# Step-by-Step Guide to Making Boardcuts



## Hrawk

Hi everyone,

This morning I made another boardcut based on a free design from the forums. I decided to photograph each step in the hope that this might prove useful to new builders.
Special thanks to Mxred for his fantastic design.

*Step 1*
Print out your chosen design and glue it to the piece of timber being used. A spray on adhesive can be used, here I have used a glue stick designed for paper. You don't want a strong glue as you need to remove the design later on.









*Step 2*
Cut out your design with a saw. I have used a jigsaw here but you can easily achieve the same result using hand tools. A coping saw would be a great choice for anybody starting out.









*Step 3*
Tidy up the frame. Most if not all saws will leave large cut marks or scratches on the work. Using files or a sander remove these marks and smooth out the frame.









*Step 4*
Remove the pattern and sand some more. Make sure all lines are nice and crisp and you have your final shape for the frame.









*Step 5*
Round and smooth the edges. Here I have used a router but the same result can be achieved with files and sandpaper.
_(Note: I had the router speed too high for this and I have burnt the timber in places. This is not a problem with hand shaping and sanding)_









*Step 6*
Cut your grooves for securing the bands. Again I have used a router but this is just as easily done with hand tools. A round file works great.
Give everything a final sanding ensuring your forks are nice and smooth.
The frame is now ready for finishing.









The finished product after a good soak in Linseed Oil


----------



## mxred91

Awesome job Hrawk, I am interested to hear what you think after shooting. Great idea doing a tutorial for those that have not used a paper pattern. It is interesting for me to see it done with a router, I use files rasps and sandpaper. I have a router, just don't like using it.

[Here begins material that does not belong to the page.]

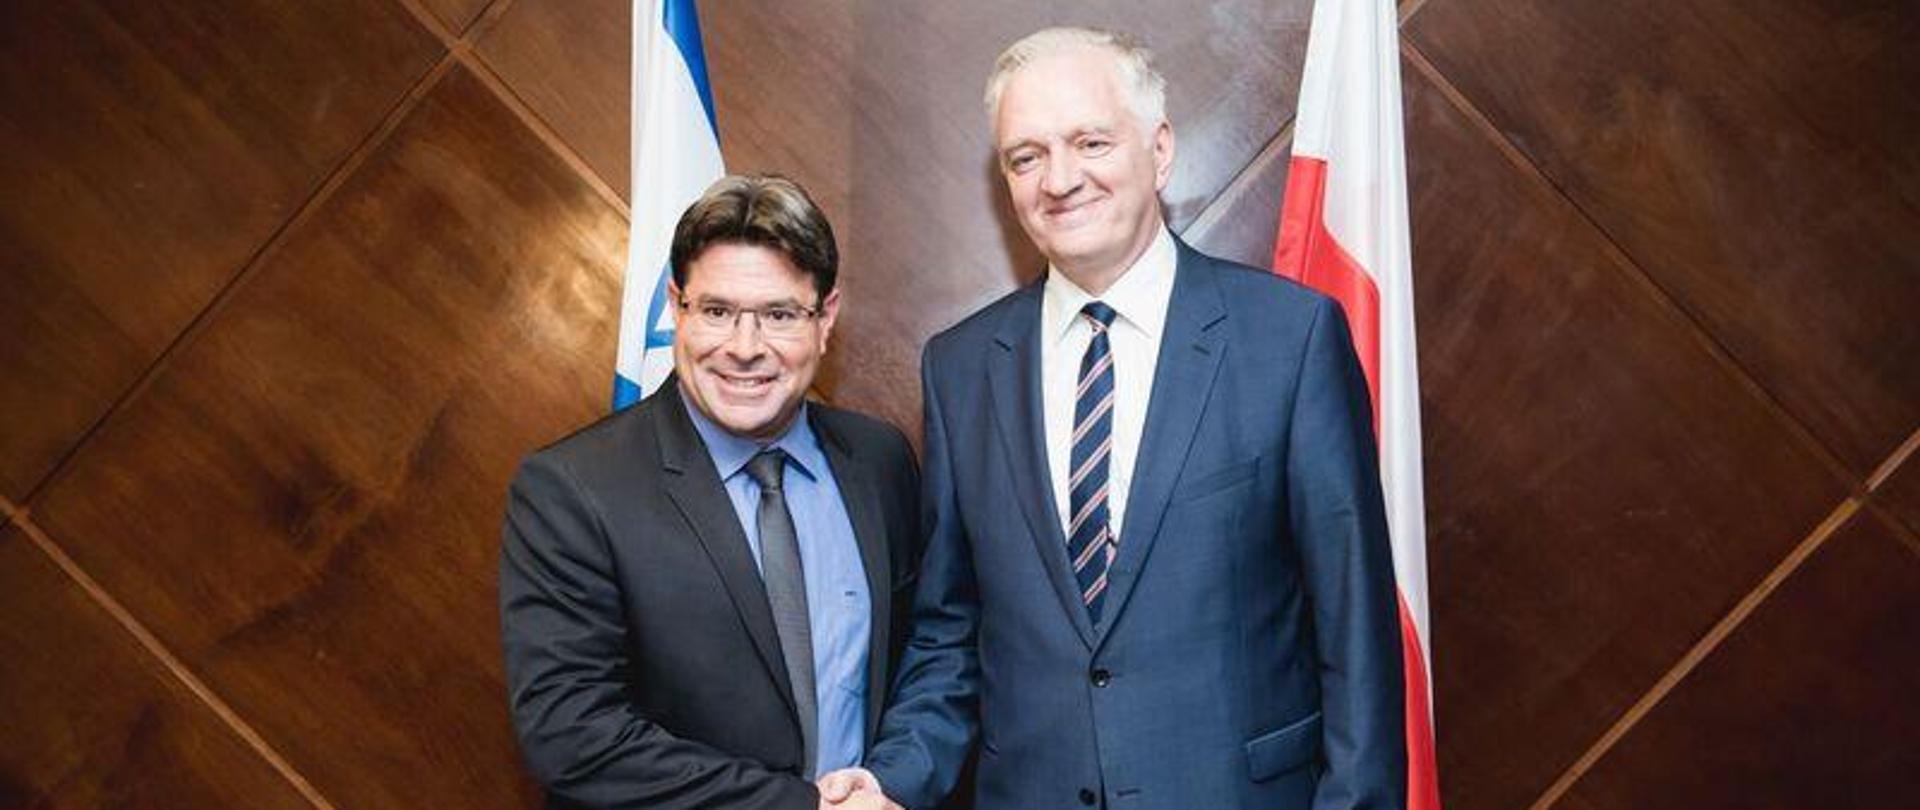 Ministrowie stoją na tle drewnianej ściany, za nimi flagi Polski i Izraela
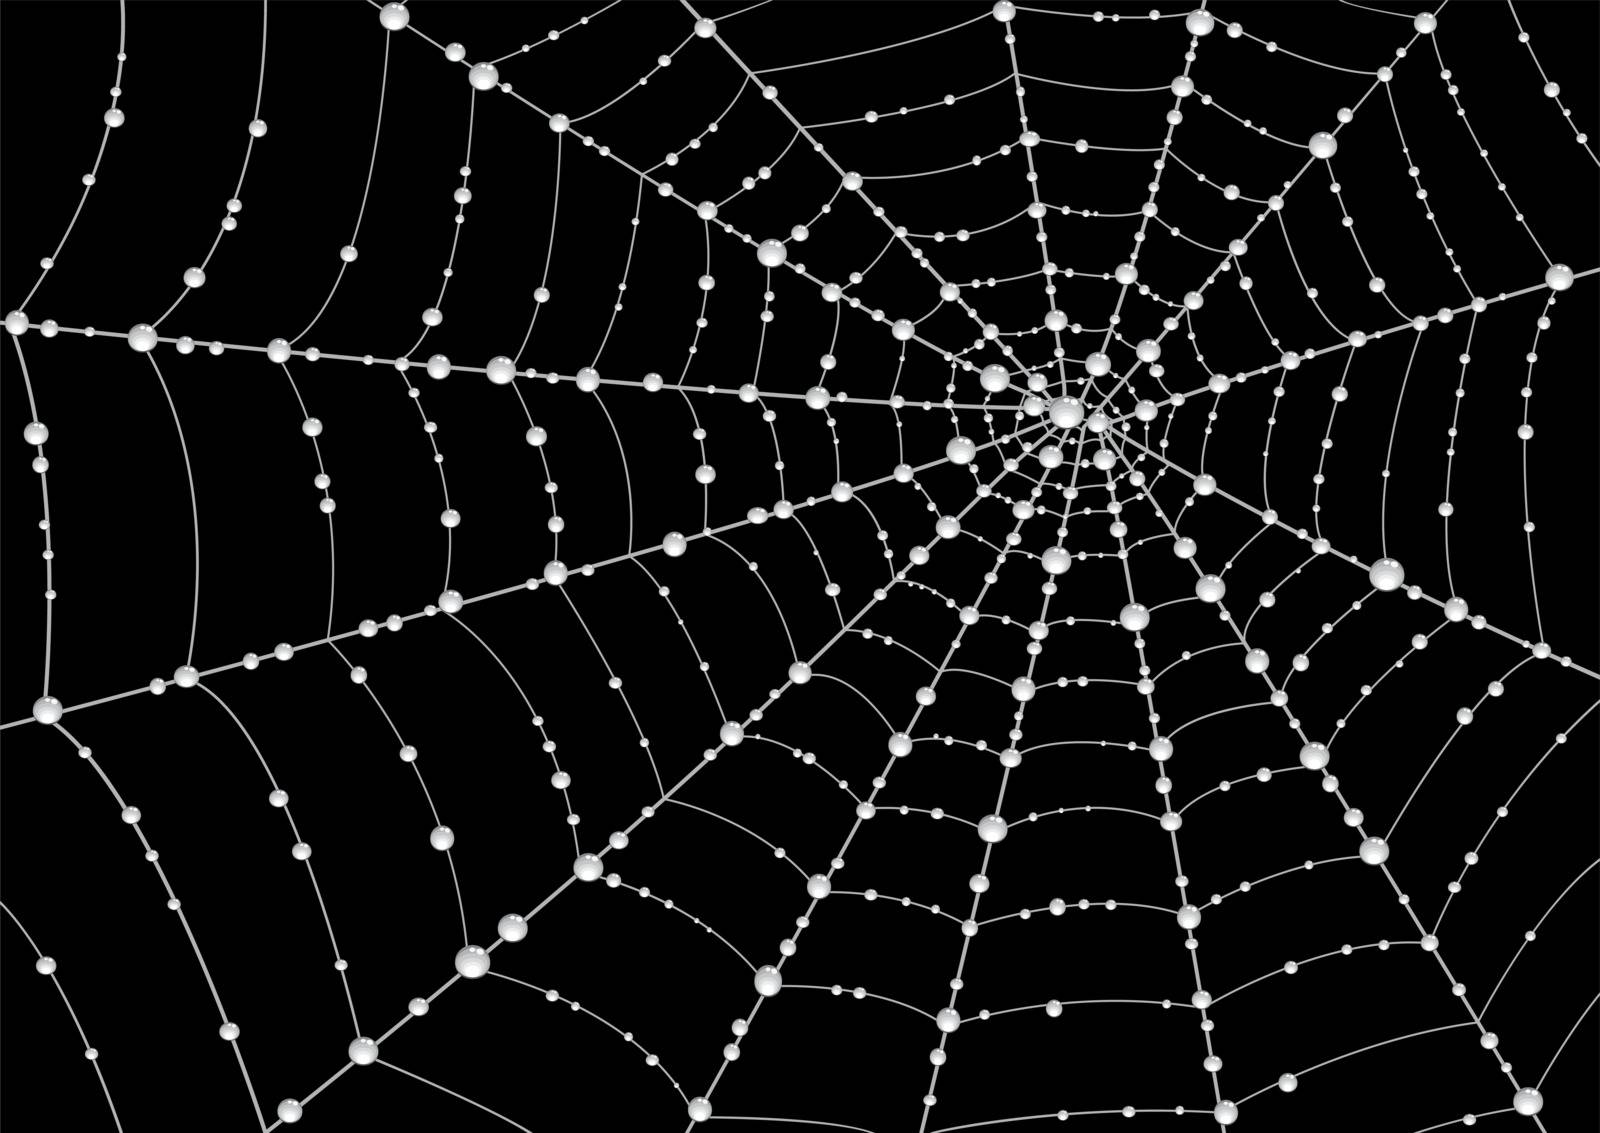 Web in drops of dew by Scio21

Is that bubinga? I am anxious to see it finished.


----------



## Hrawk

mxred91 said:


> Awesome job Hrawk, I am interested to hear what you think after shooting. Great idea doing a tutorial for those that have not used a paper pattern. It is interesting for me to see it done with a router, I use files rasps and sandpaper. I have a router, just don't like using it.
> 
> Is that bubinga? I am anxious to see it finished.


Cheers buddy! I went through all the designs and yours was the one that appealed to me the most.

Yup, that's Bubinga.

It's currently soaking out the back in a tray of linseed oil. I'll get some pics happening when it's dry.

Thanks again for the design.


----------



## lucifer93

Great thread, i love a good step by step photo tutorial


----------



## Hrawk

Here we have the finished product after a good 4 hour soak in linseed oil.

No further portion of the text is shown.